DIRECTIONS FOR THIS TASK: Return the following data exactly, with all pictures left out.

DATA SECTION:
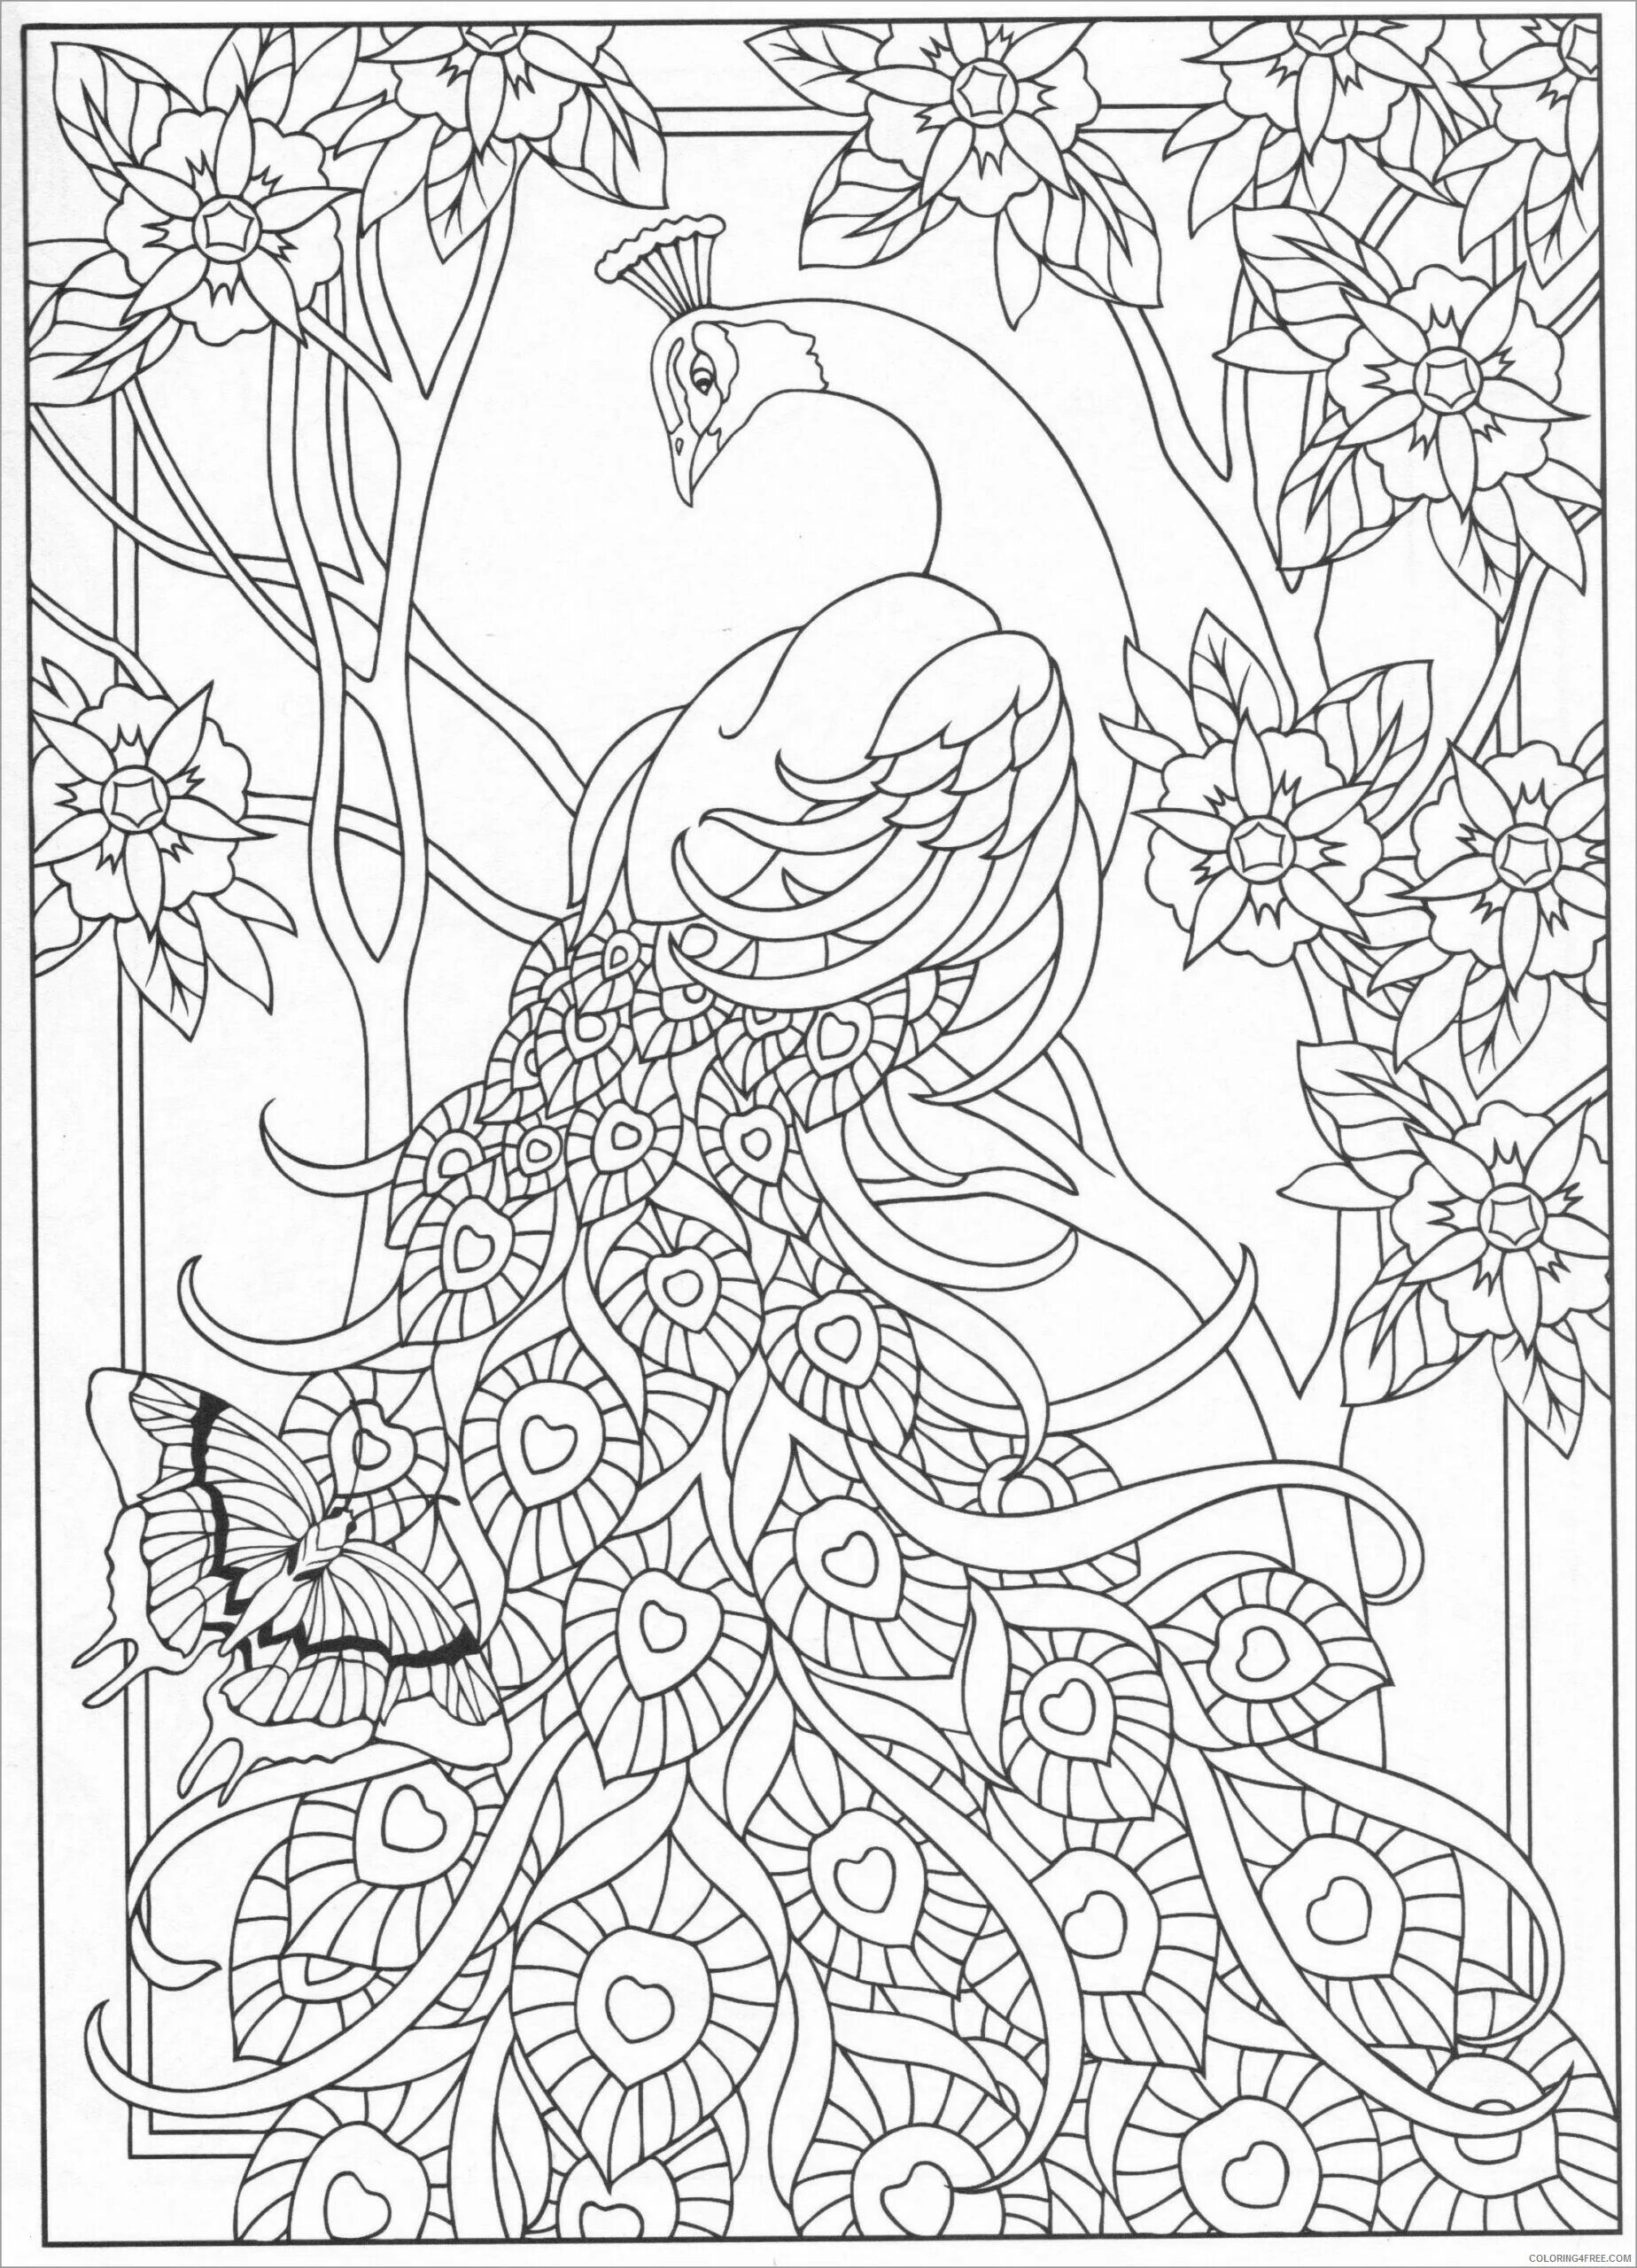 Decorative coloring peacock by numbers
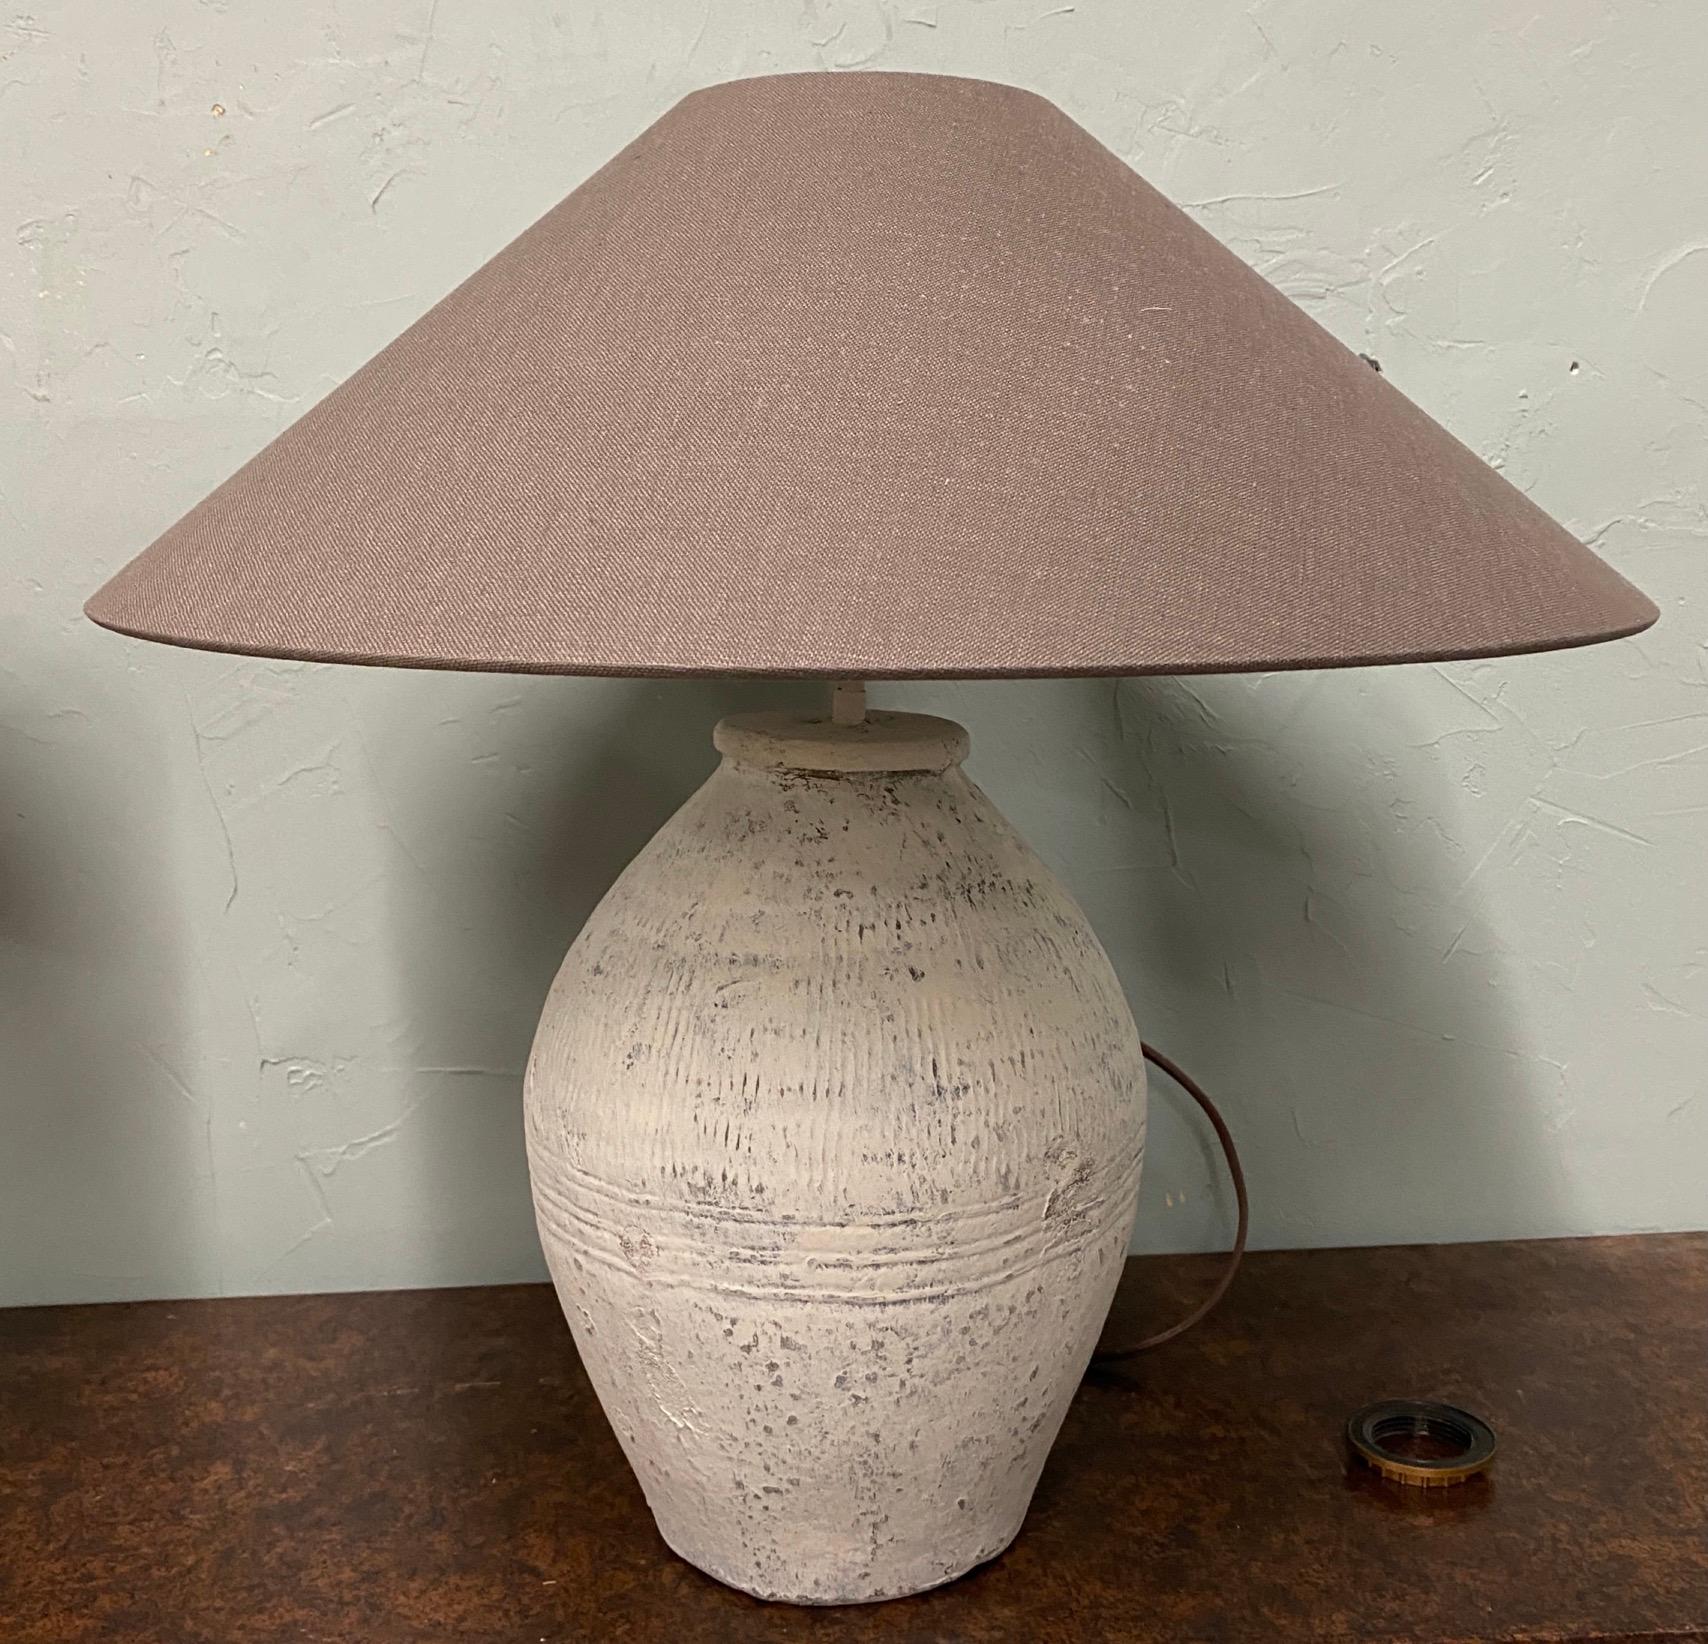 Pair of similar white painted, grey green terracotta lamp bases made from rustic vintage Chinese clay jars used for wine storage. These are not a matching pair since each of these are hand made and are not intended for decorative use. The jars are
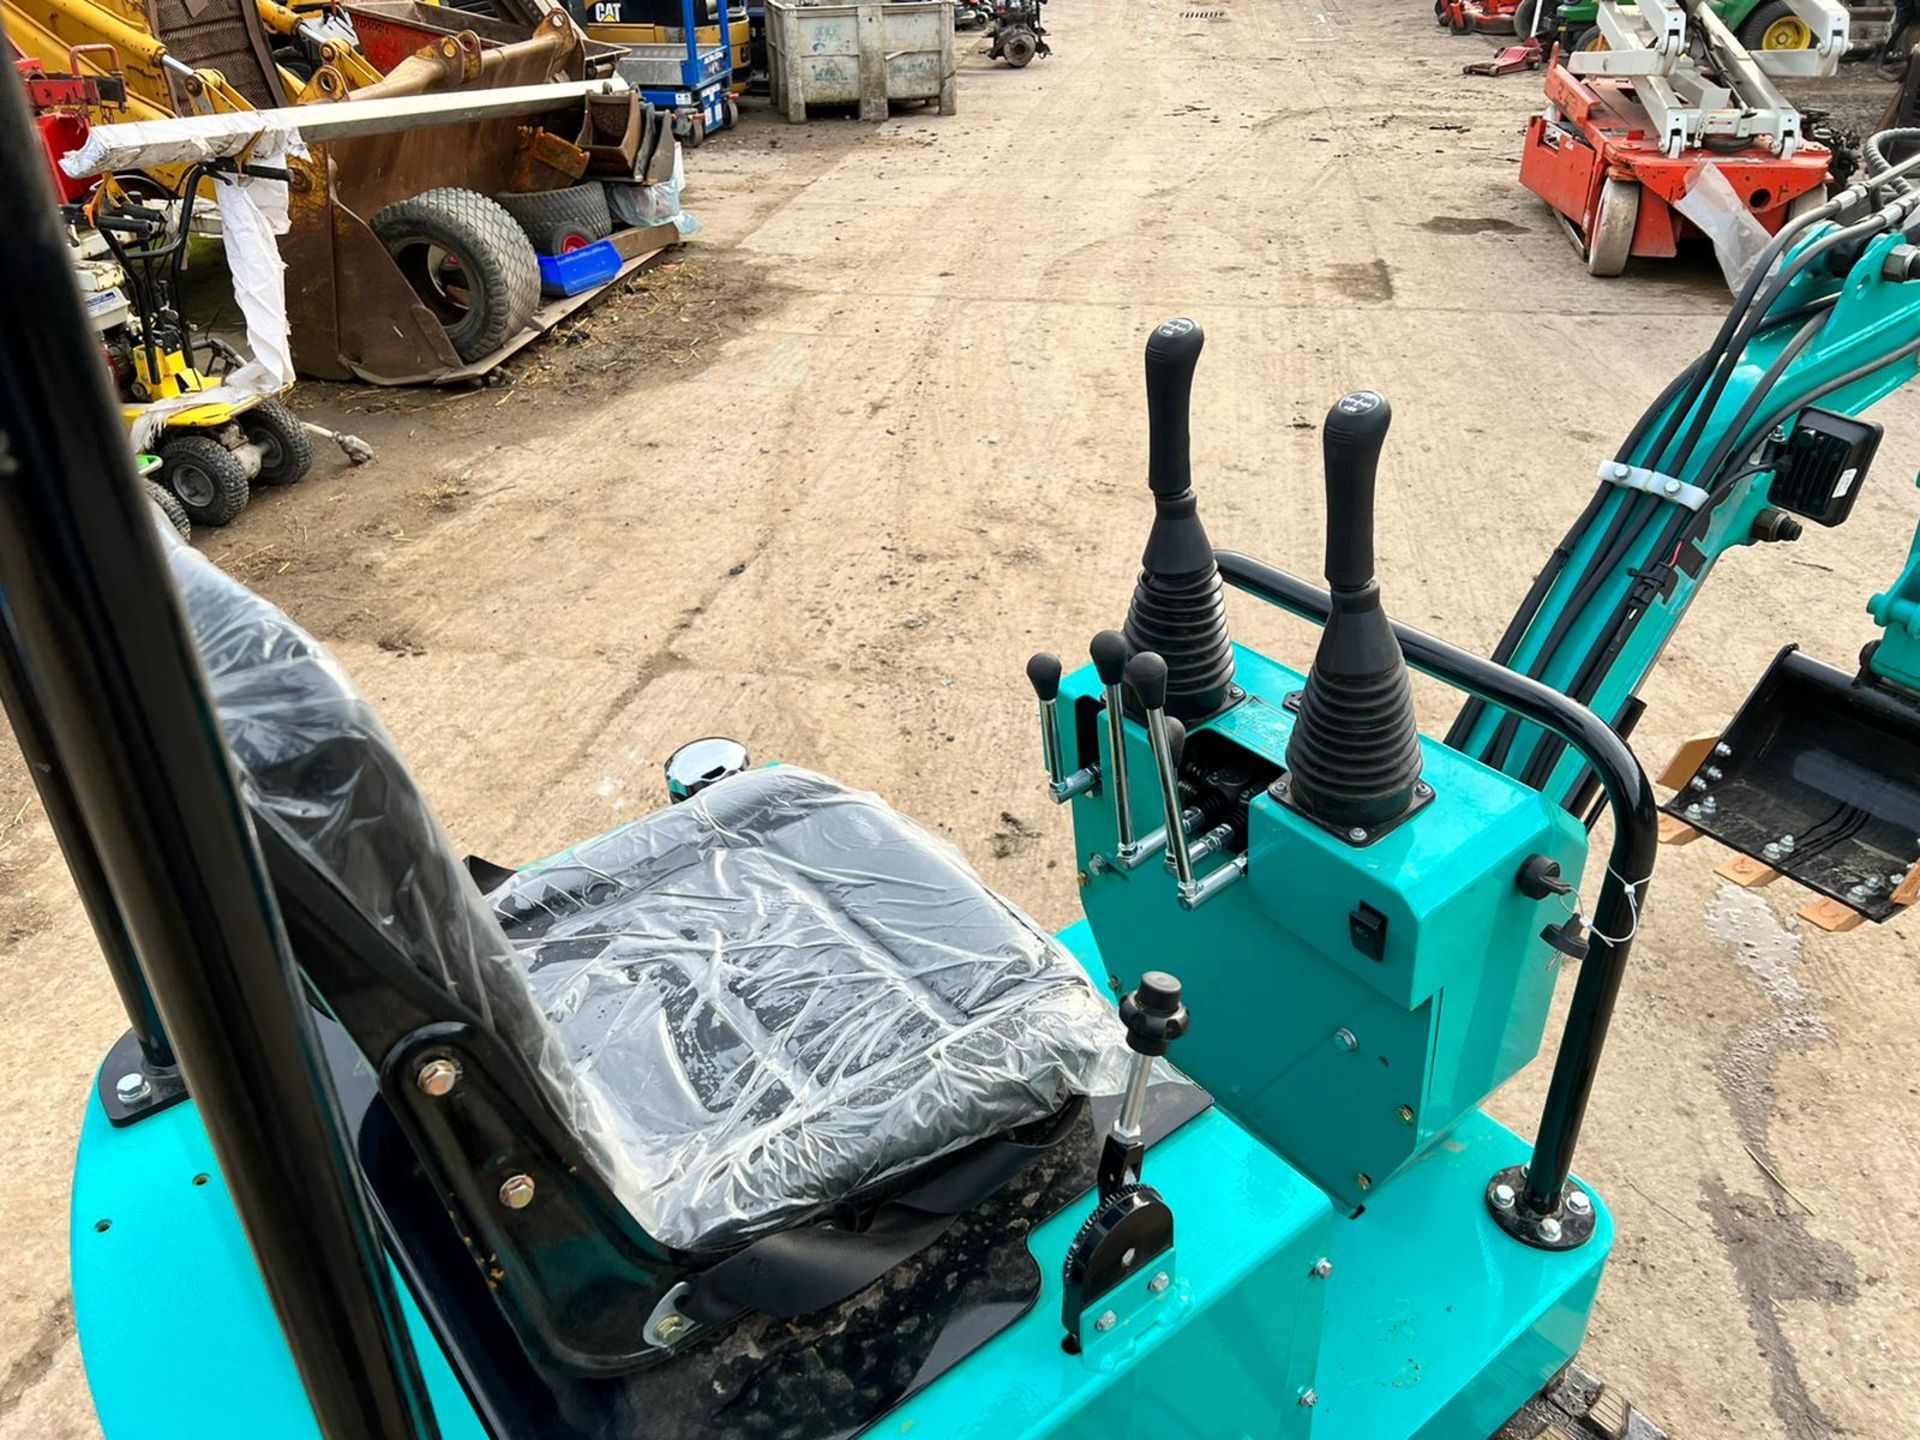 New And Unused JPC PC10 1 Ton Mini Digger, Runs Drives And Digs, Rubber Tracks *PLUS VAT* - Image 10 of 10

WRITTEN ANSWER:
 Decorative coloring peacock by numbers
 Pair of similar white painted, grey green terracotta lamp bases made from rustic vintage Chinese clay jars used for wine storage. These are not a matching pair since each of these are hand made and are not intended for decorative use. The jars are
 New And Unused JPC PC10 1 Ton Mini Digger, Runs Drives And Digs, Rubber Tracks *PLUS VAT* - Image 10 of 10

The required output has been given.